Allen Gong, JPMorgan. I guess I'd had a quick question on kind of the competitive landscape. You're kind of entering a market that was dominated by two much larger diversified players. I'm just kind of curious, in reaction to having a new entrant, the disruption that's happening around the third player on the market, if you're seeing kind of any renewed activity or anything of note on the competitive front, just kind of in response to the launch that you're having.

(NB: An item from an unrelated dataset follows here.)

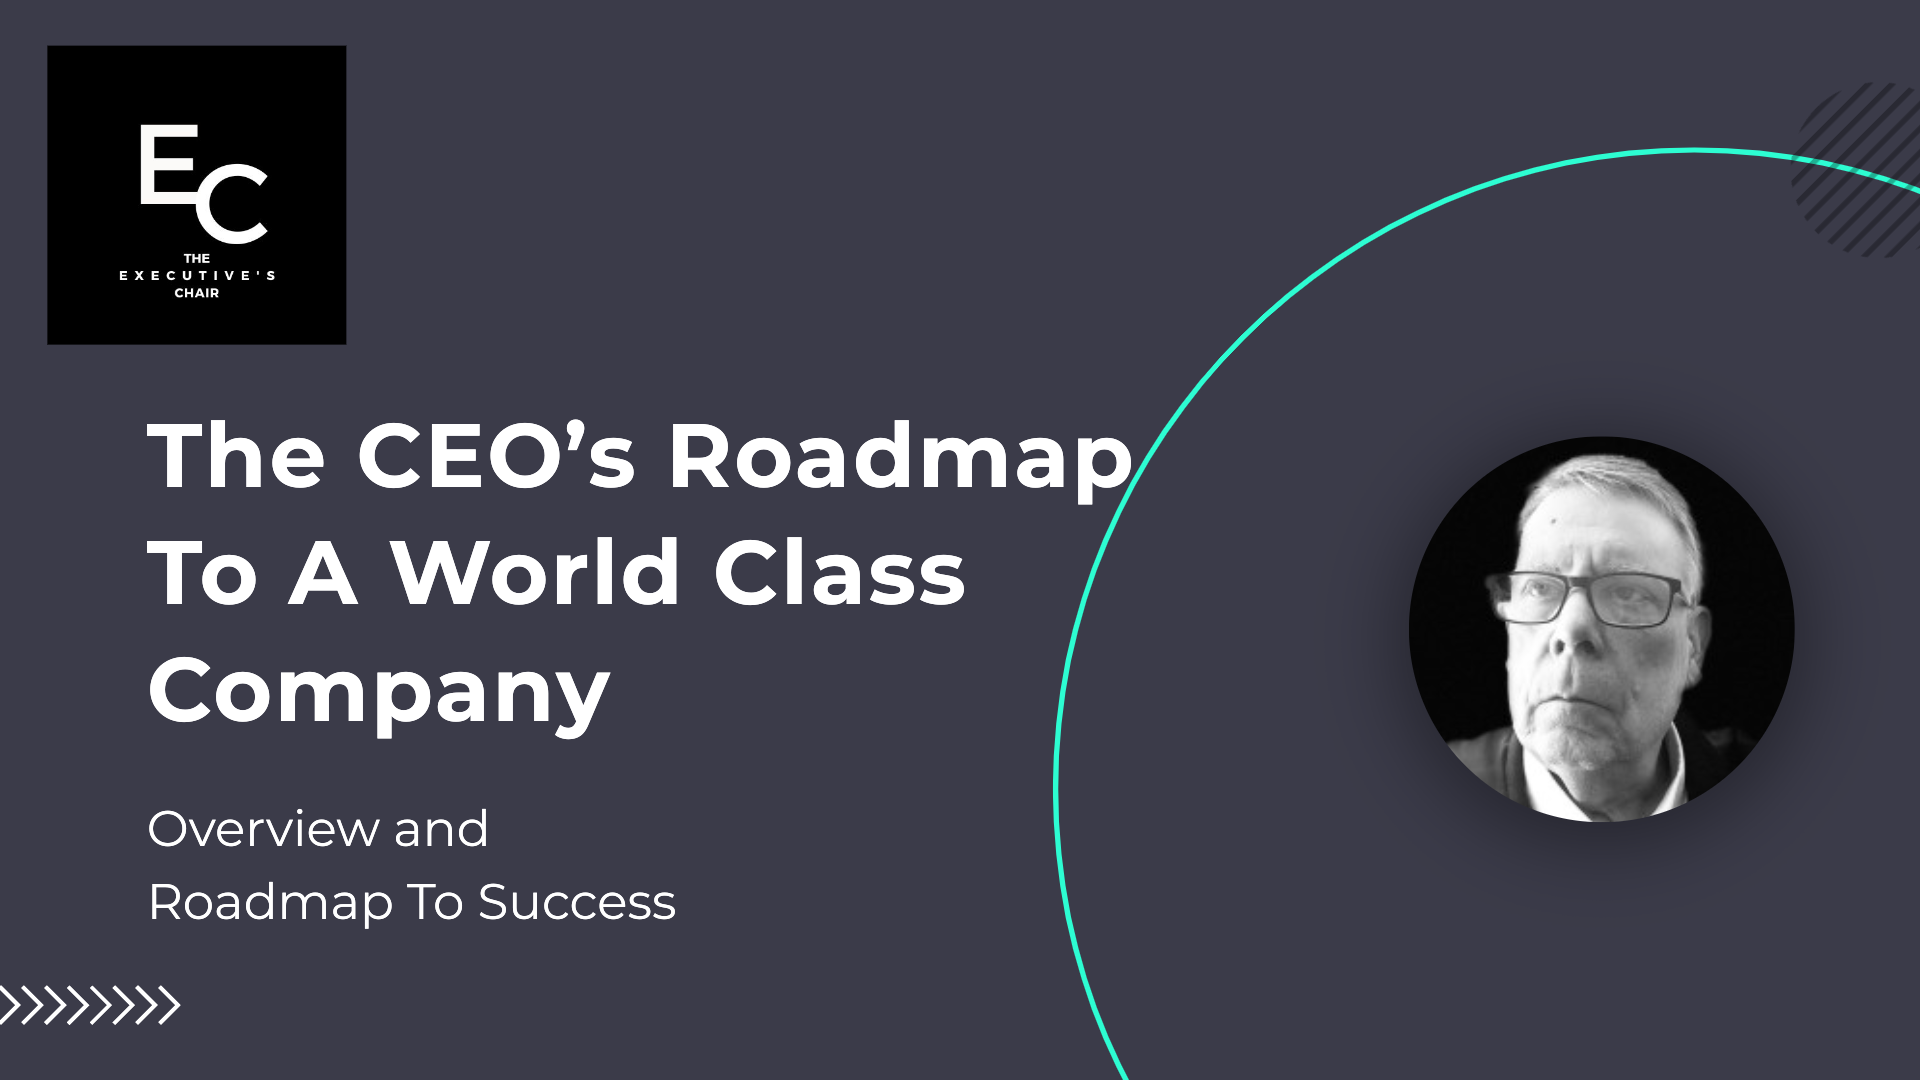 Overview and Roadmap To Success

In short, not really. If you really look at where those companies are right now, they're all either de-emphasizing their breast implant portfolio or they're sort of, like in the case of Mentor, sort of nothing really new from them for a long time, although the Boost device, which has actually done fairly well for them. But Sientra Tiger is definitely in a withdrawal from the breast implant space, so much so that they've really de-emphasized it in their sales rep's comp plan. If a rep's not getting paid on it, they're probably not talking about it, right? Allergan has just gone through a major reshuffle across their entire organization, again, sort of de-emphasizing that part of their portfolio even further. For us, I think it's an ideal time to enter the marketplace.
If there are no more questions, we want to thank everyone for joining us here in the room and also on the webcast. We will be here for a few minutes also. If anybody wants to have some refreshments and chat, we will be here for the next few minutes. Thank you again for joining us.